I find that there are numerous material facts in dispute concerning whether AXA's conduct with regard to settlement of the Garcia Suit was reasonable. Here, PCC has presented evidence, including e-mail correspondence between PCC's counsel and AXA and the deposition testimony of Cari Jay Raymond, that AXA exercised significant control over defense of the Garcia Suit, and controlled settlement in all material respects. In addition, PCC has presented evidence, through the deposition testimony and report prepared by Plaintiff's expert Lewis Quigg, Esq., following remand of the Garcia Suit from the Tenth Circuit, that AXA was aware that attorneys' fees and costs were reducing the available policy limits, and that PCC was exposed to a judgment in excess of the available limits, and nevertheless acted unreasonably with regard to settlement of the case. The jury is entitled to consider this evidence. Moreover, AXA's contention that it relied on the advice of counsel in determining the amount of settlement authority to grant in the Garcia Suit, while relevant to the reasonableness of its conduct, is not an absolute defense to PCC's bad faith claim. Construing the factual disputes and inferences in favor of PCC, I find that material facts are in dispute and that summary judgment is inappropriate.
3. Liquidated Damages
I also reject AXA's contention that it is entitled partial summary judgment in its favor on what it characterizes as "PCC's claim to recover the amount of liquidated damages awarded to Garcia." AXA maintains that even if PCC could establish bad faith, it cannot recover indemnity for the $256,362 awarded to Garcia as liquidated damages under the ADEA.

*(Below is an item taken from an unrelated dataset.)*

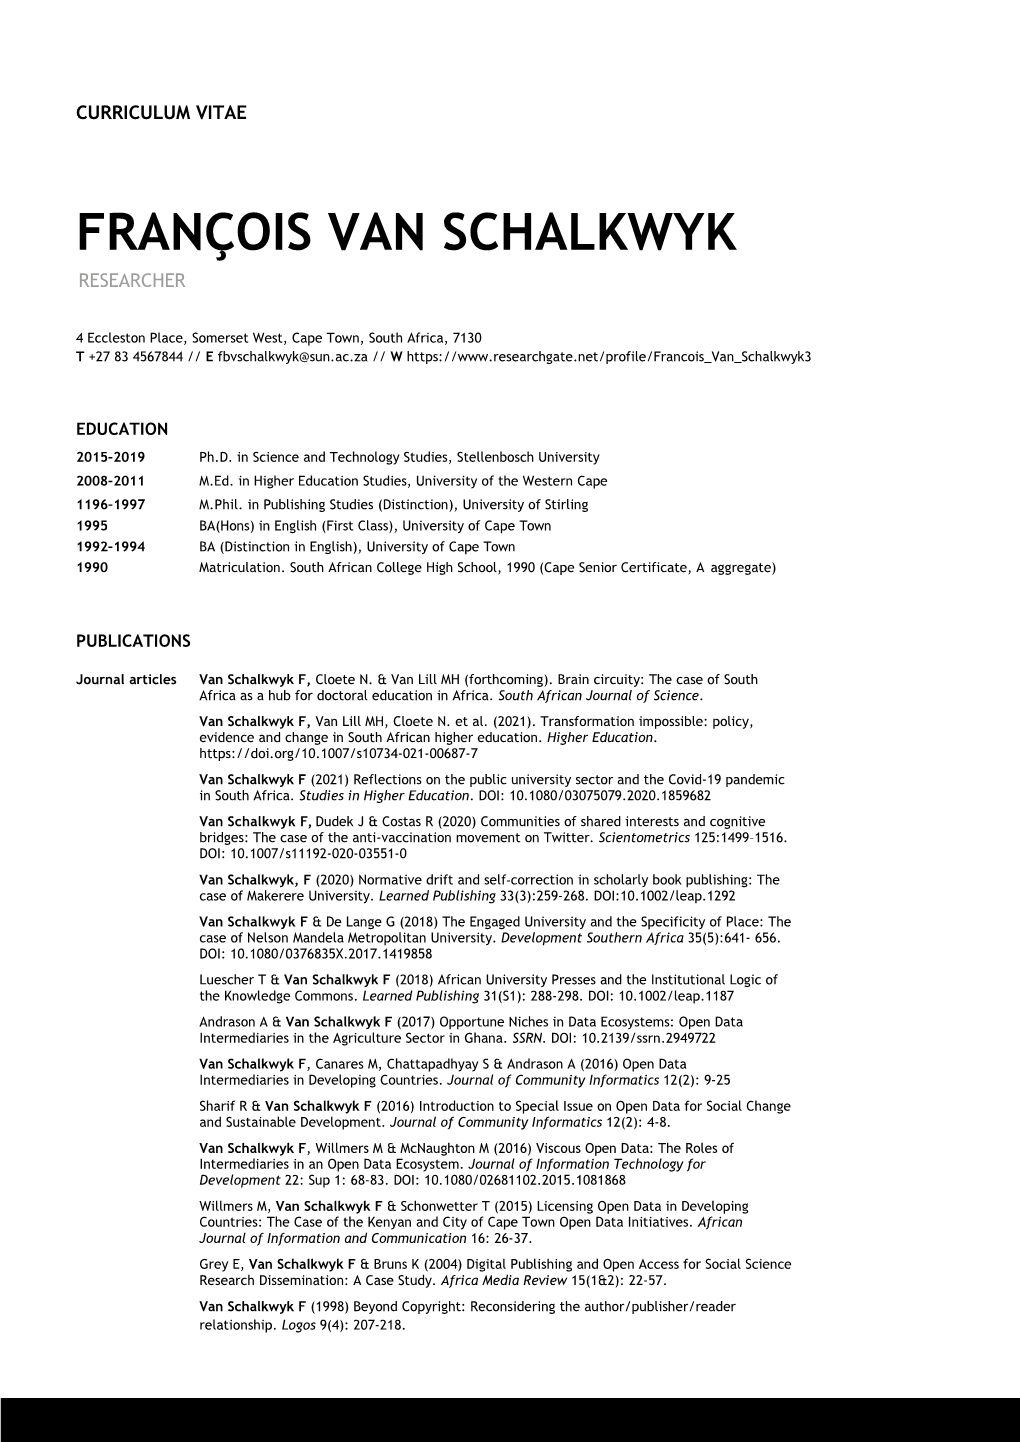 François Van Schalkwyk Researcher

AXA also asserts that PCC cannot recover its attorneys' fees incurred in prosecuting this action. Because PCC has made clear that it does not seek to recover those attorneys' fees, I need not address this argument.
As discussed above, it is unclear whether Colorado public policy precludes coverage of an award of liquidated damages in a ADEA case. Moreover, AXA's argument is based on its assumption that the $256,362 awarded to Garcia as liquidated damages under the ADEA was covered by the portion of the settlement paid by PCC, and not the portion paid by AXA. There is no evidence in the record before me to support this assumption. AXA voluntarily contributed its remaining policy limit in order to settle the Garcia Suit. There is no evidence in the record that at the time of settlement of the Garcia Suit either AXA or PCC specified whether their respective contributions represented the compensatory portion of the judgment, the attorneys' fees portion of the judgment, the tax enhancement, or the liquidated damages portion of the judgment. Based on the record before me, I cannot grant partial summary judgment concerning the liquidated damages portion of the Judgment.
III. CONCLUSION
In conclusion, I find that Plaintiff has demonstrated through its Response to Defendant's Motion for Summary Judgment, that there are genuine issues of material fact that preclude entry of summary judgment in this case. Therefore, it is hereby
ORDERED that Defendant's Motion for Summary Judgment, filed August 1, 2006 (docket #47) is DENIED.